◆ **THE PROBLEM**
The line with "16th century Renaissance" starts the range, and the last line of the listing ends it. Retype that range exactly, without pictures.

◆ **DATA**
=== Section Start ===

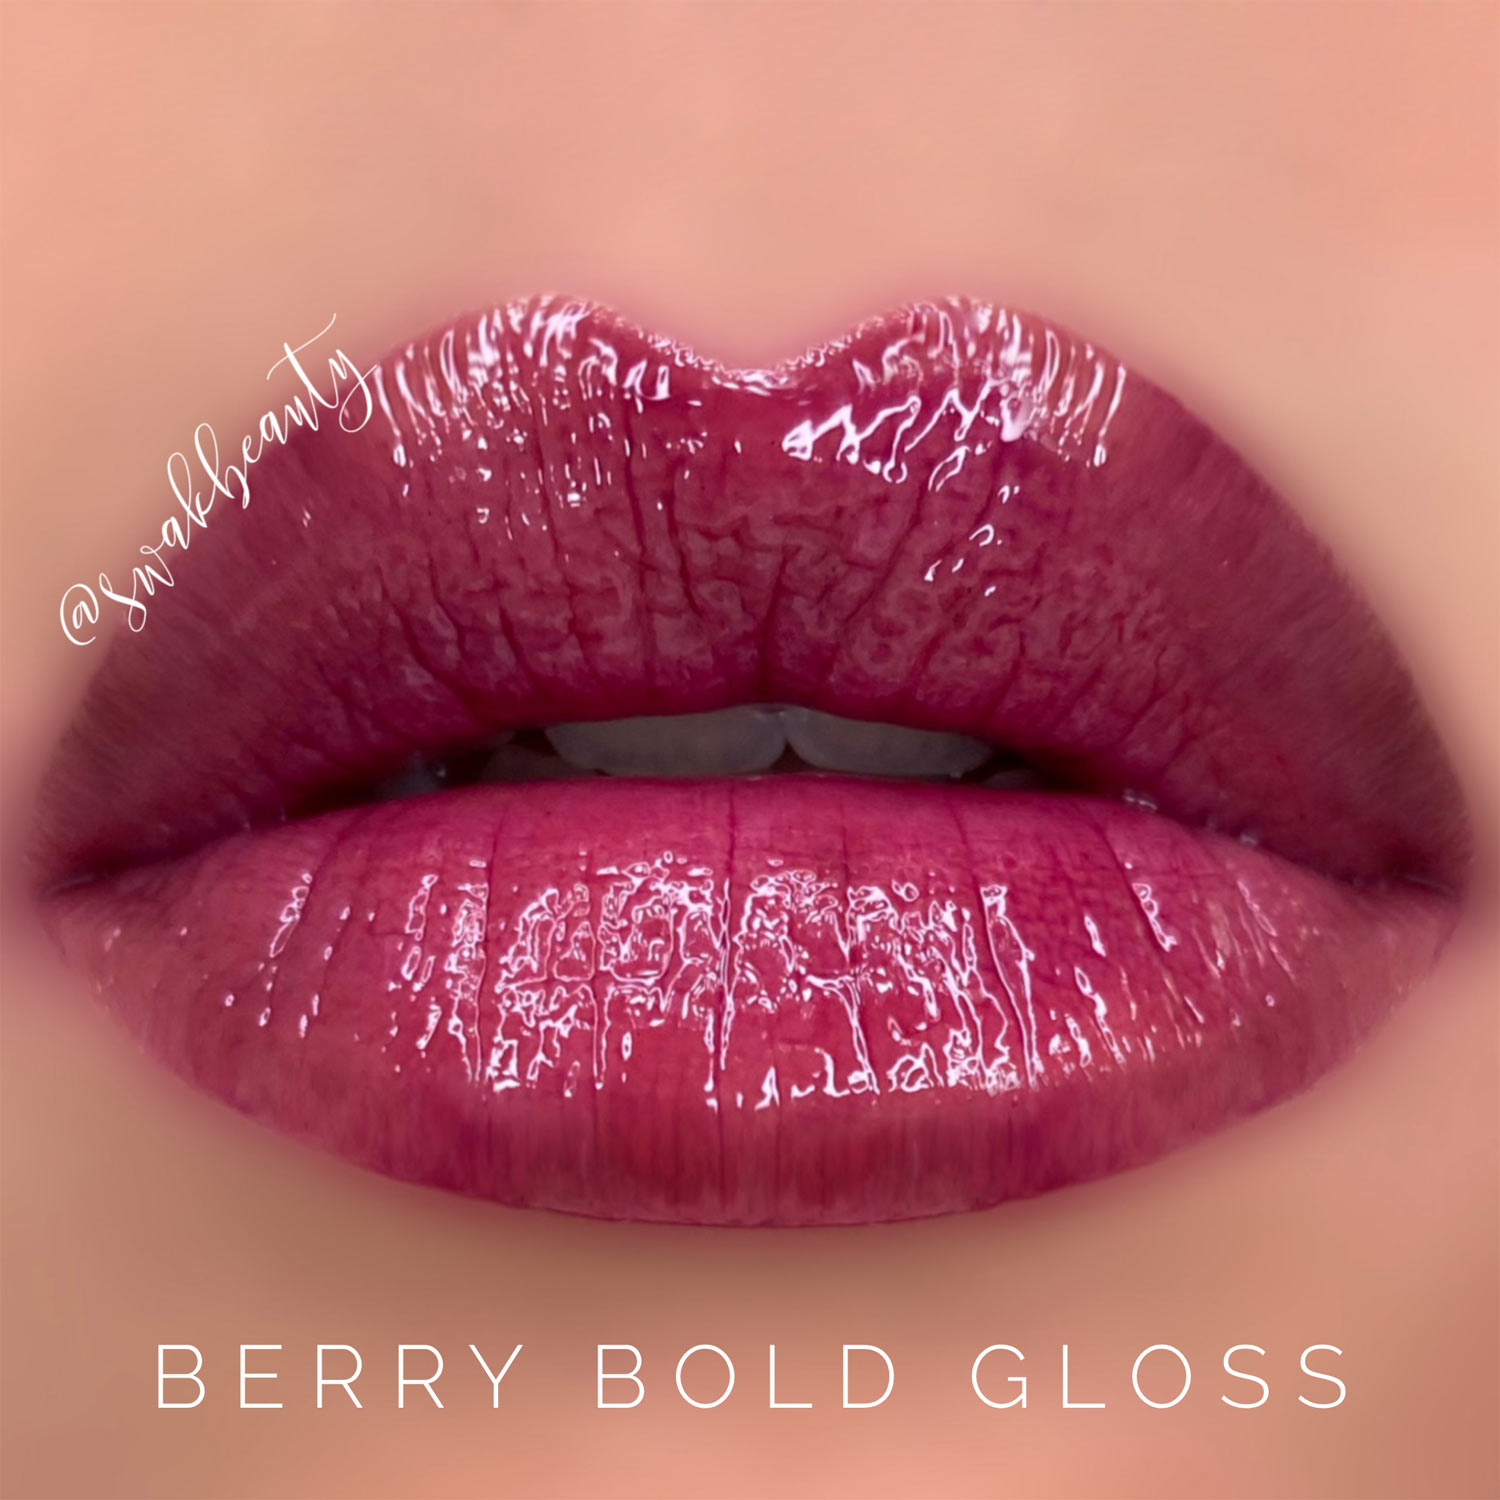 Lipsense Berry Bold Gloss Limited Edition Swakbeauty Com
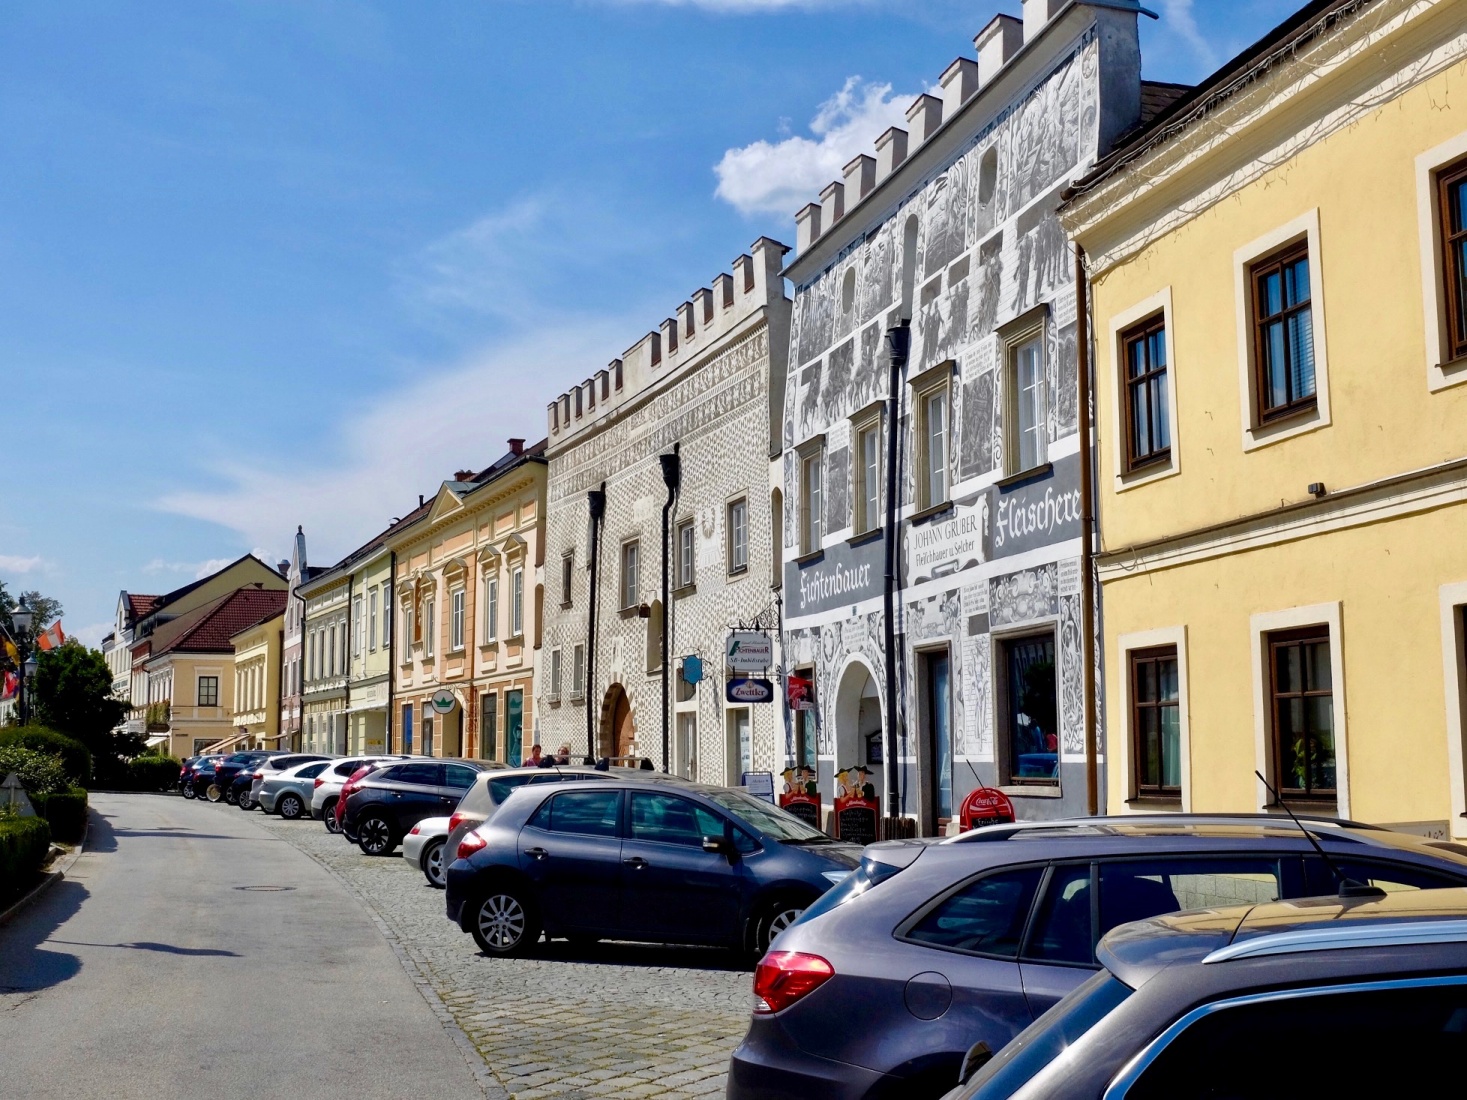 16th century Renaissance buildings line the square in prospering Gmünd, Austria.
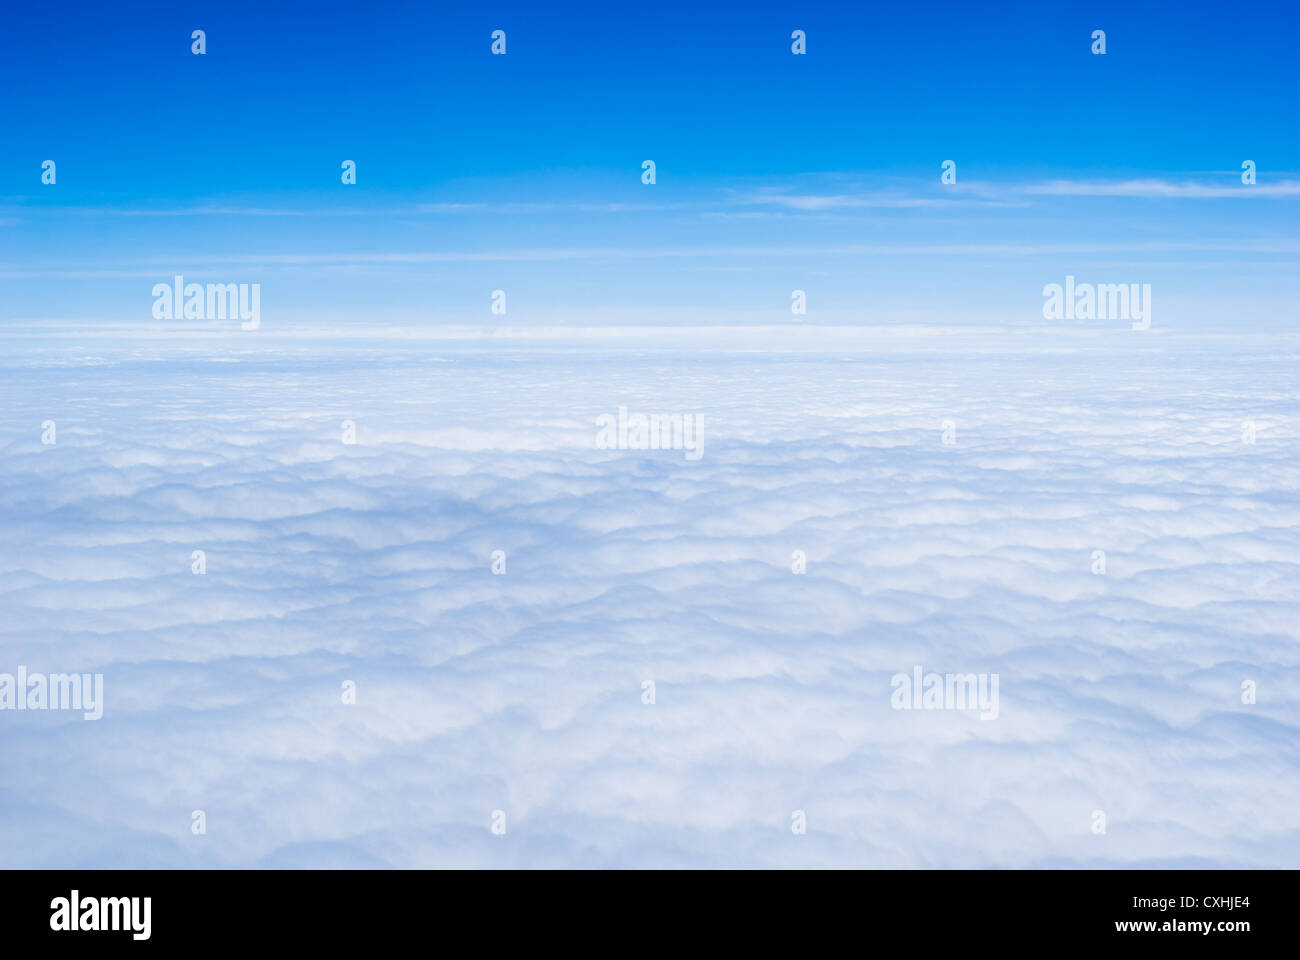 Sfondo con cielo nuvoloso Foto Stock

=== Section End ===

◆ **WRITTEN RESPONSE**
 16th century Renaissance buildings line the square in prospering Gmünd, Austria.
 Sfondo con cielo nuvoloso Foto Stock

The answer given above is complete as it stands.